### Task details
Pictures are to be excluded. Please print only the lines from the one containing "Free Advertising Cross-Media" through the end of the data, exactly as they appear.

*** Source material ***

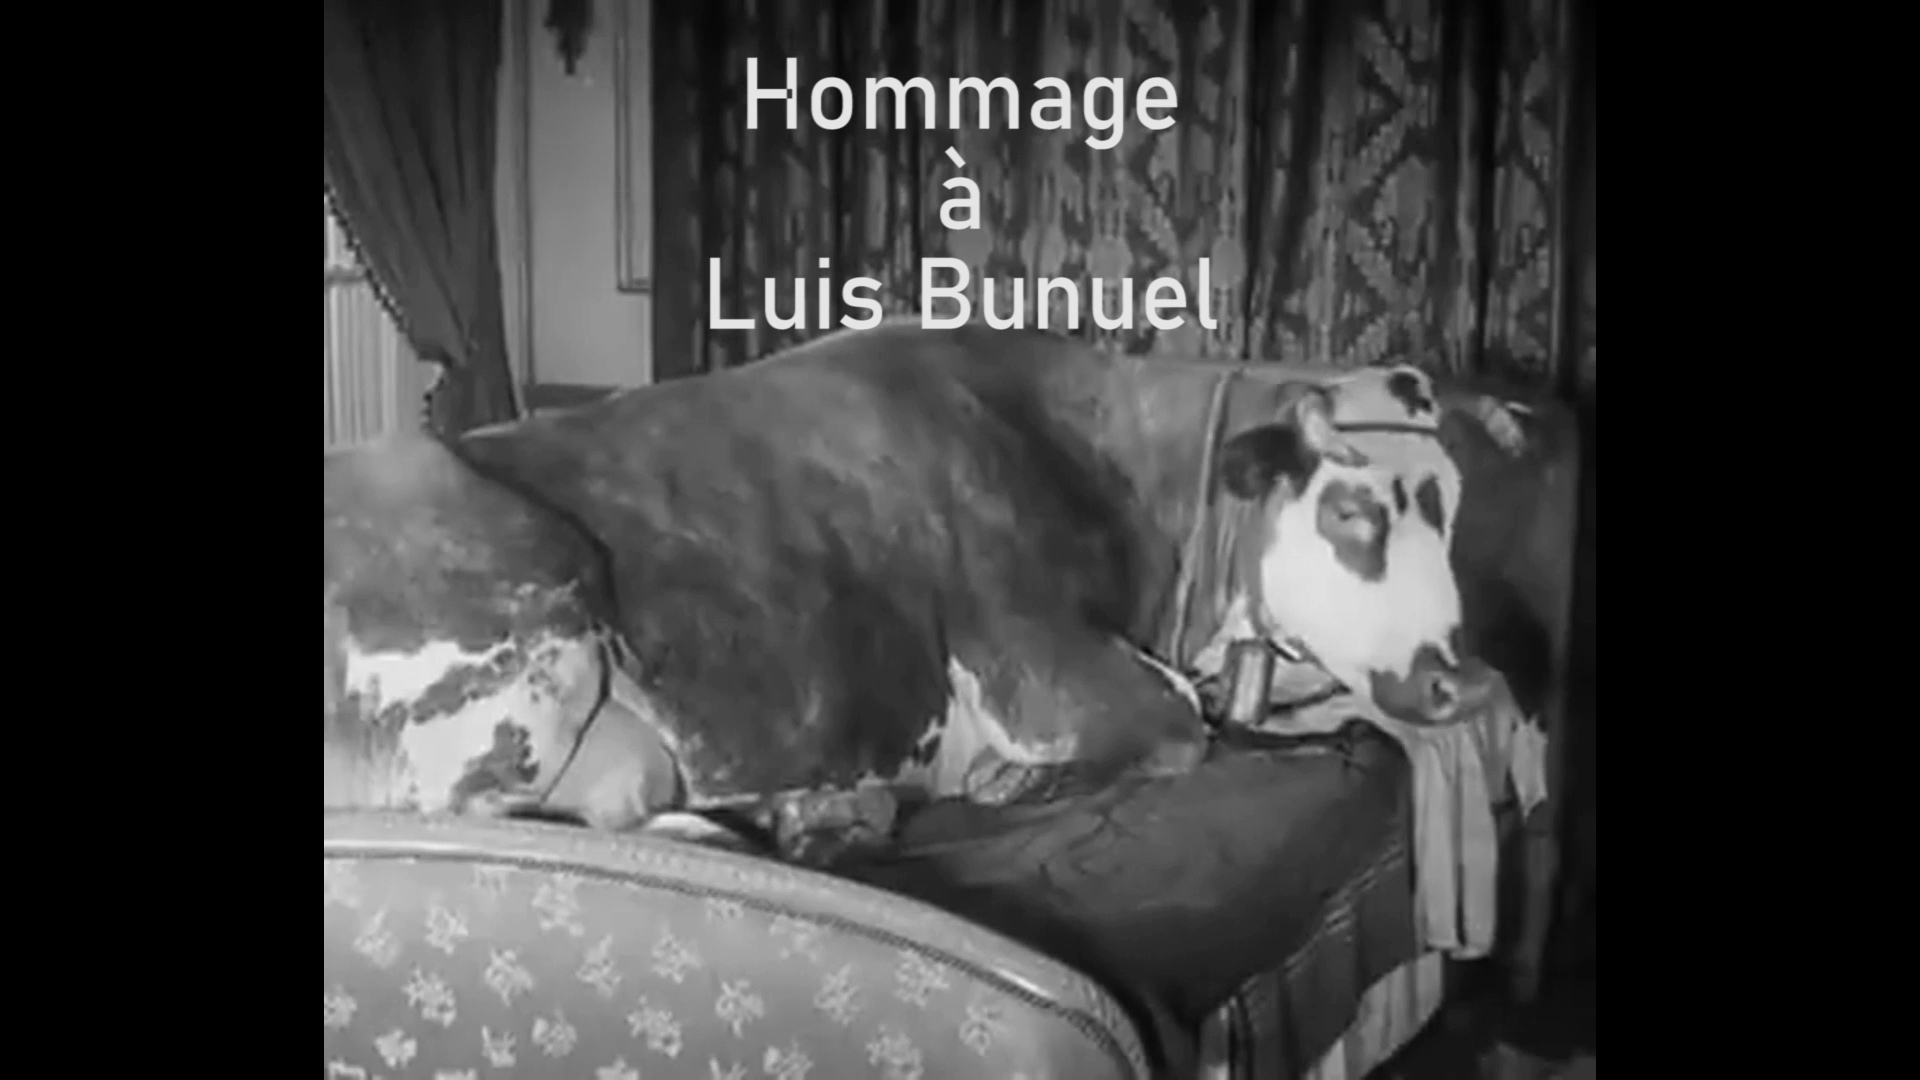 Hommage aan Luis Bunuel op Youtube
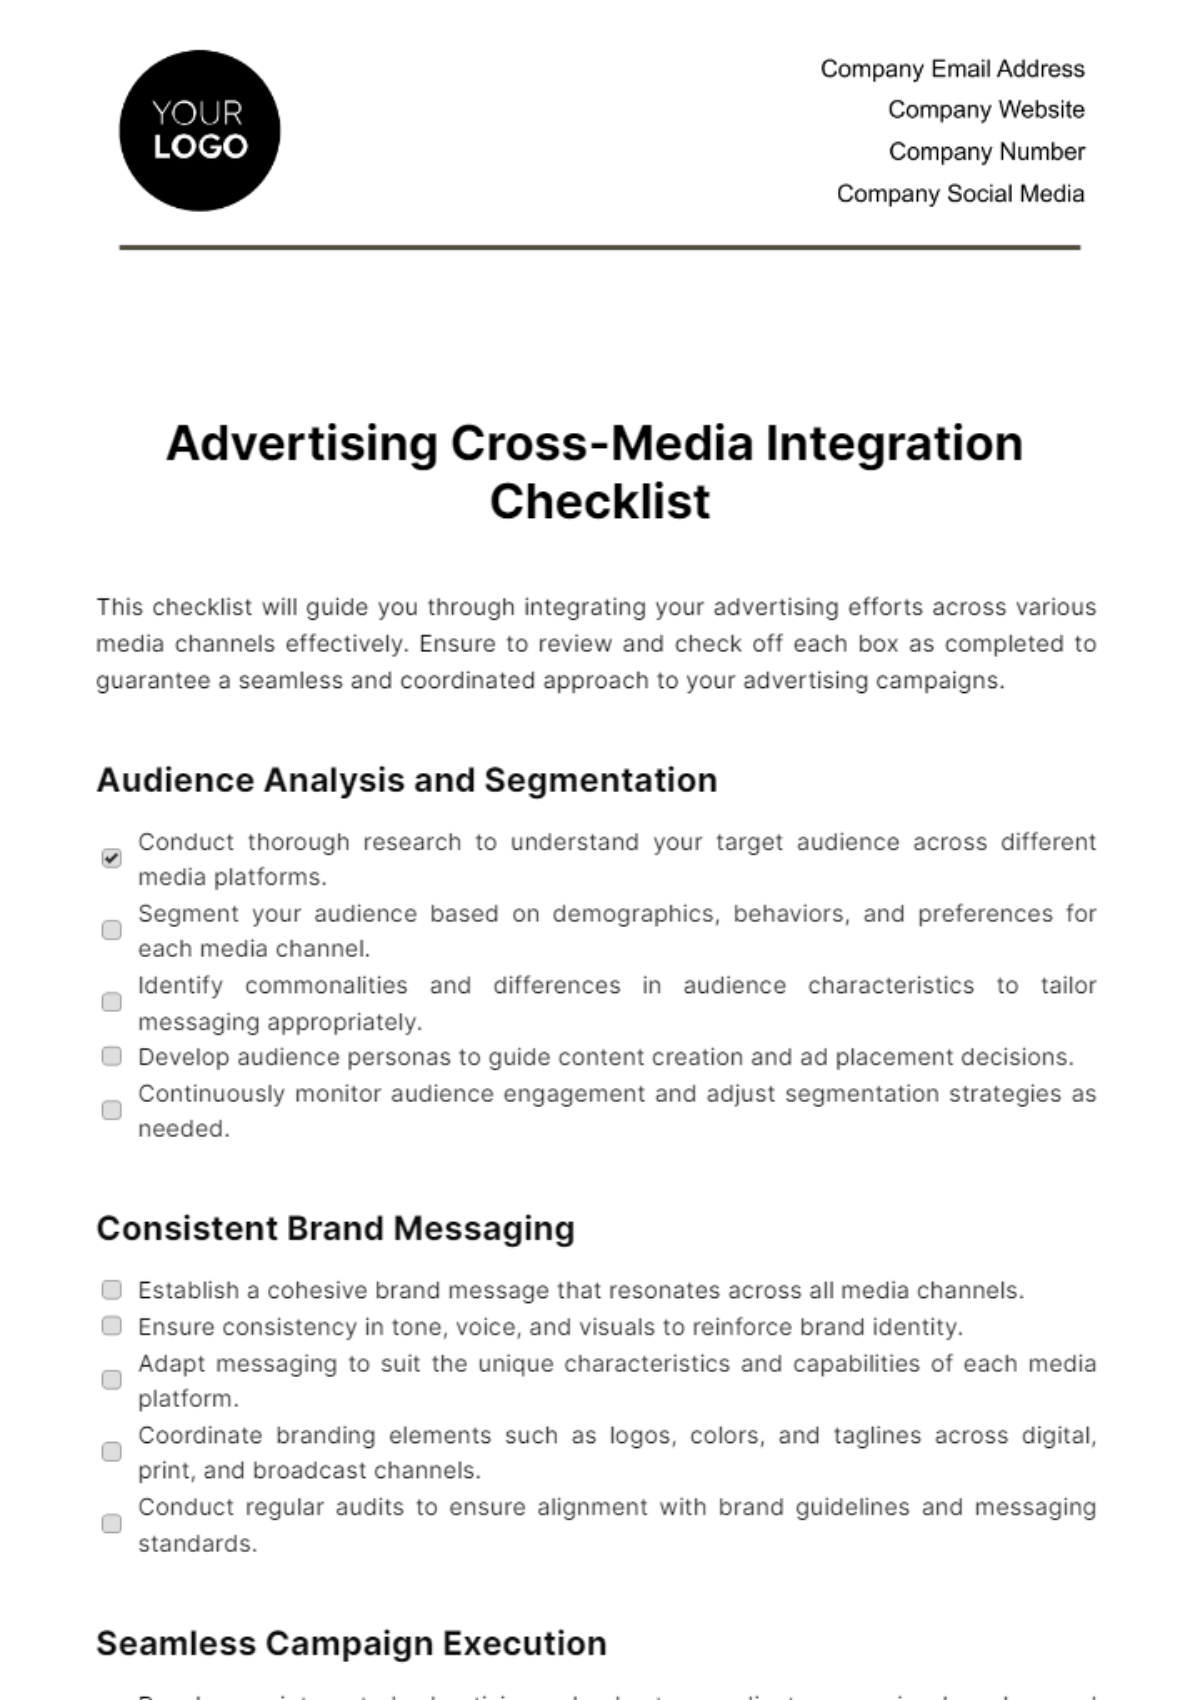 Free Advertising Cross-Media Integration Checklist Template
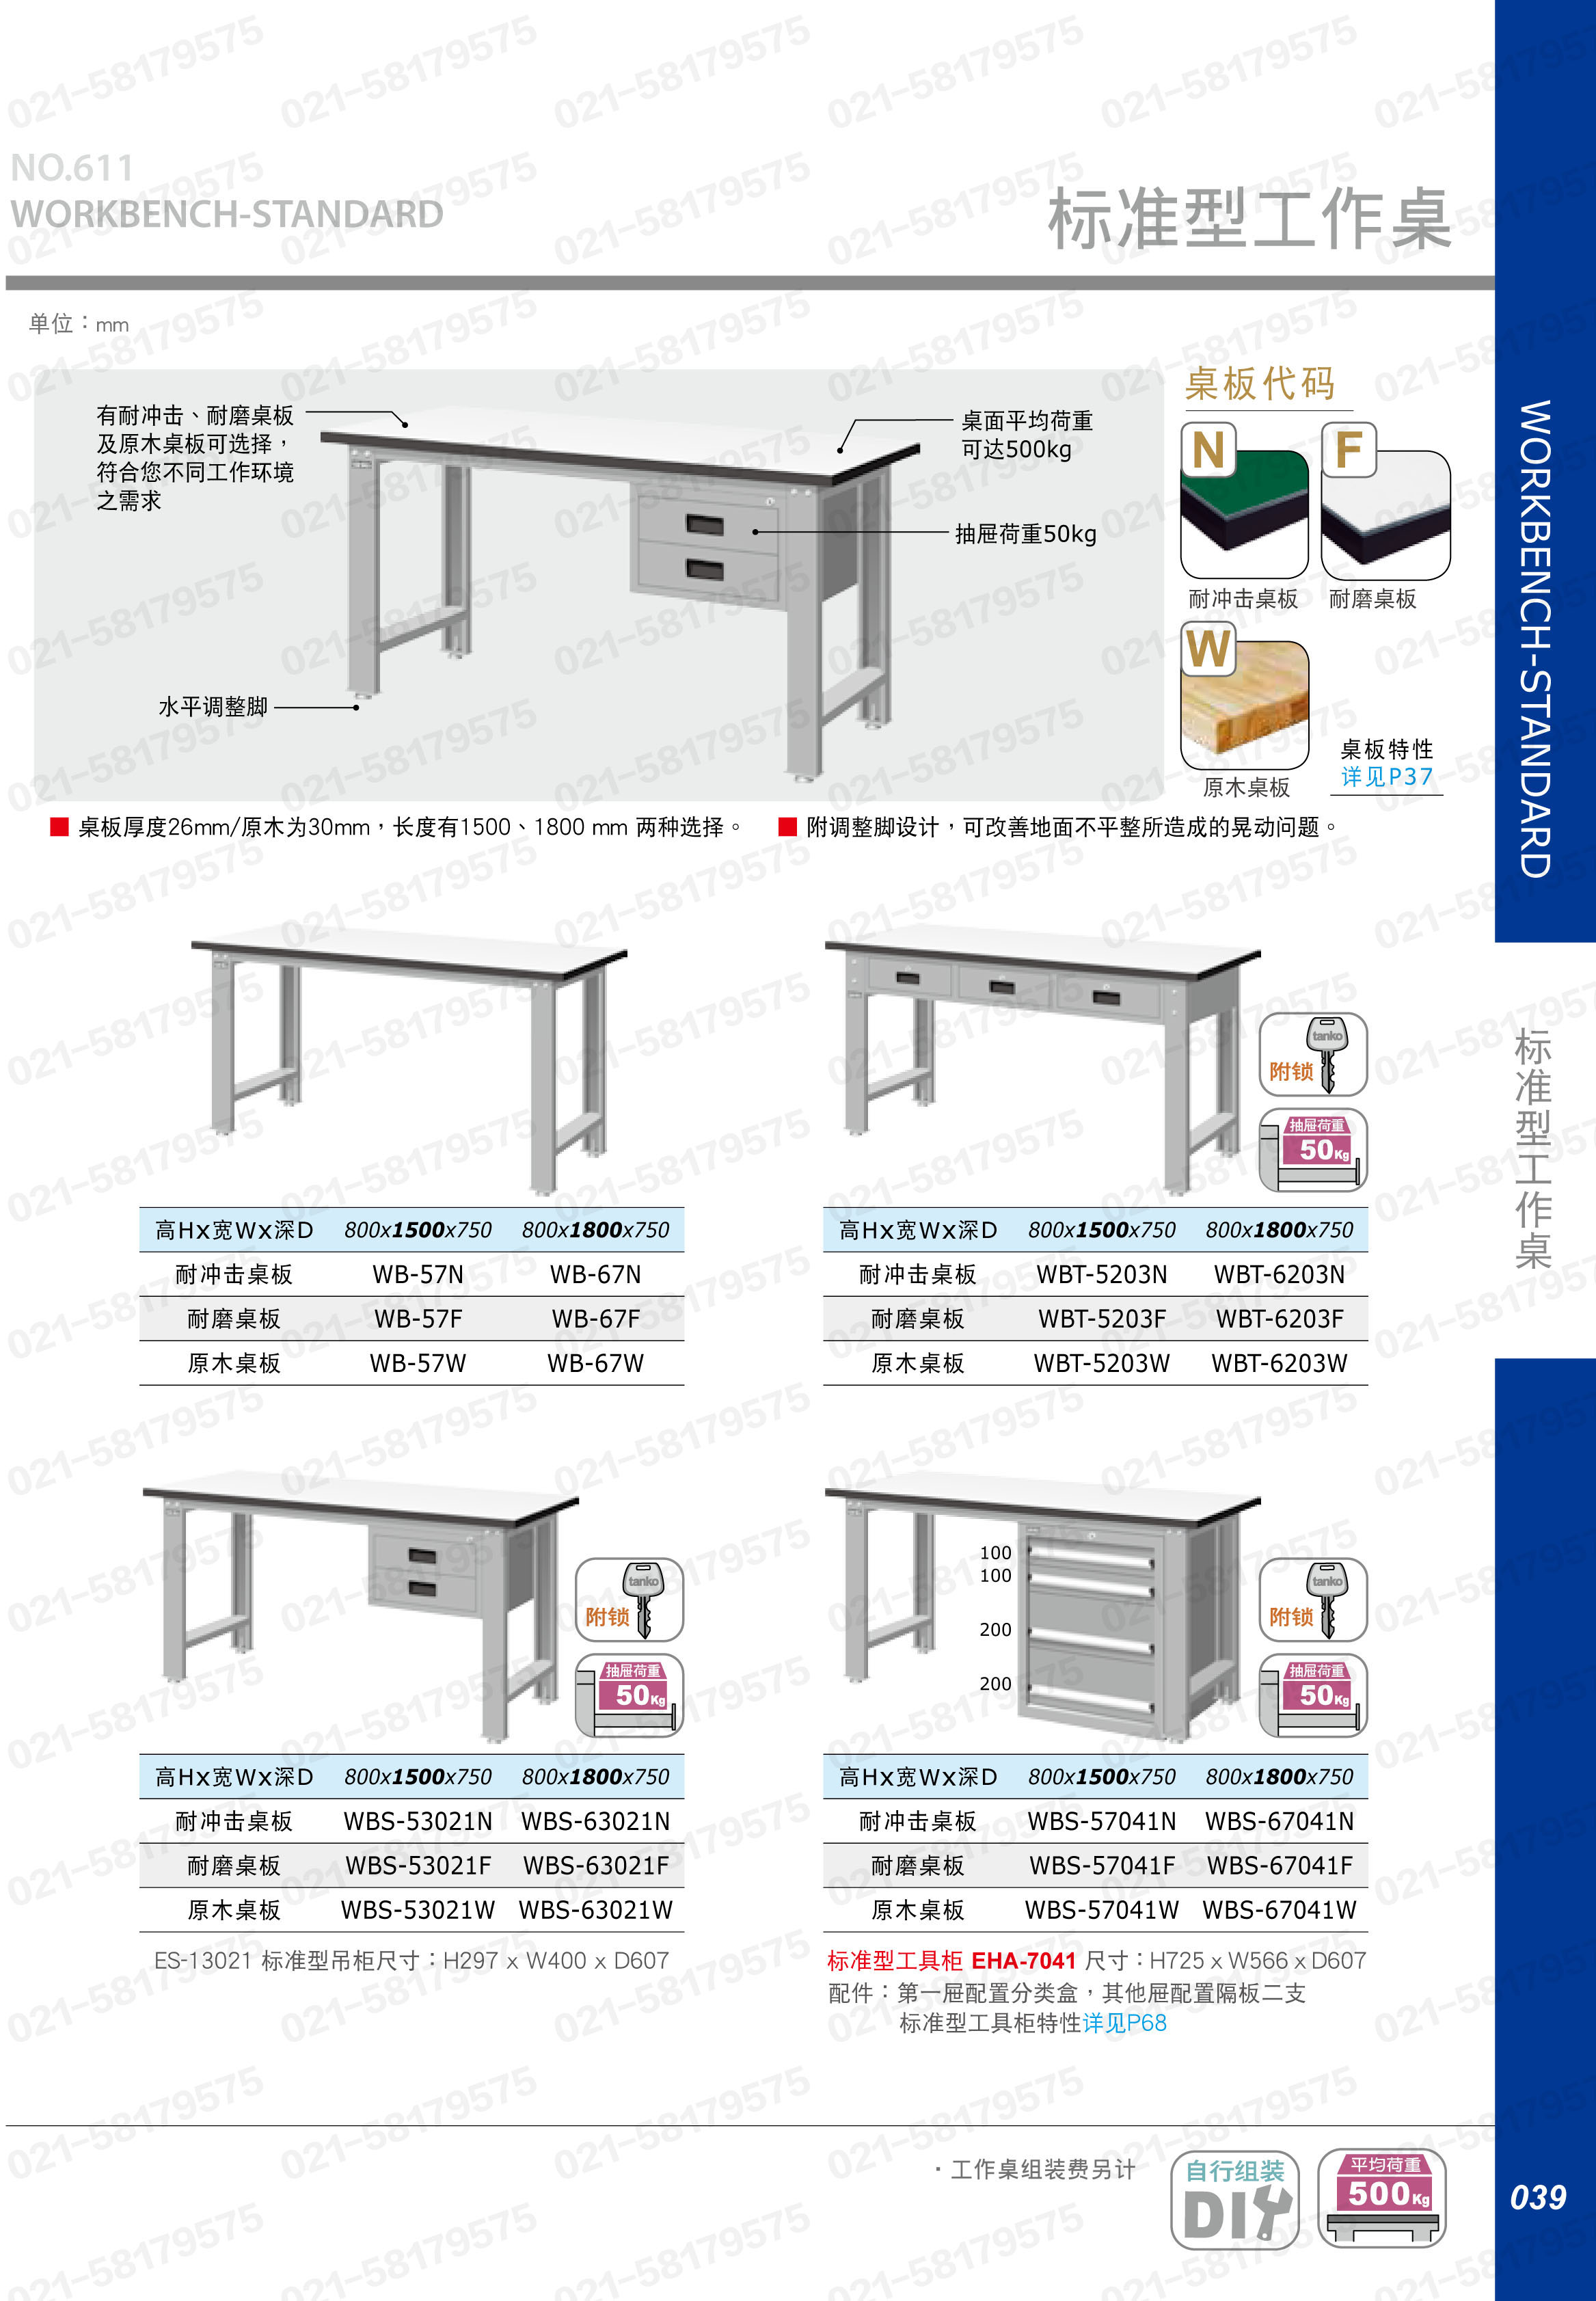 轻型工作桌1500×750×800mm 耐冲击桌板 带双吊抽，WBS-53021N，5D2934

*** End of Source material ***

### Answer below
 Free Advertising Cross-Media Integration Checklist Template
 轻型工作桌1500×750×800mm 耐冲击桌板 带双吊抽，WBS-53021N，5D2934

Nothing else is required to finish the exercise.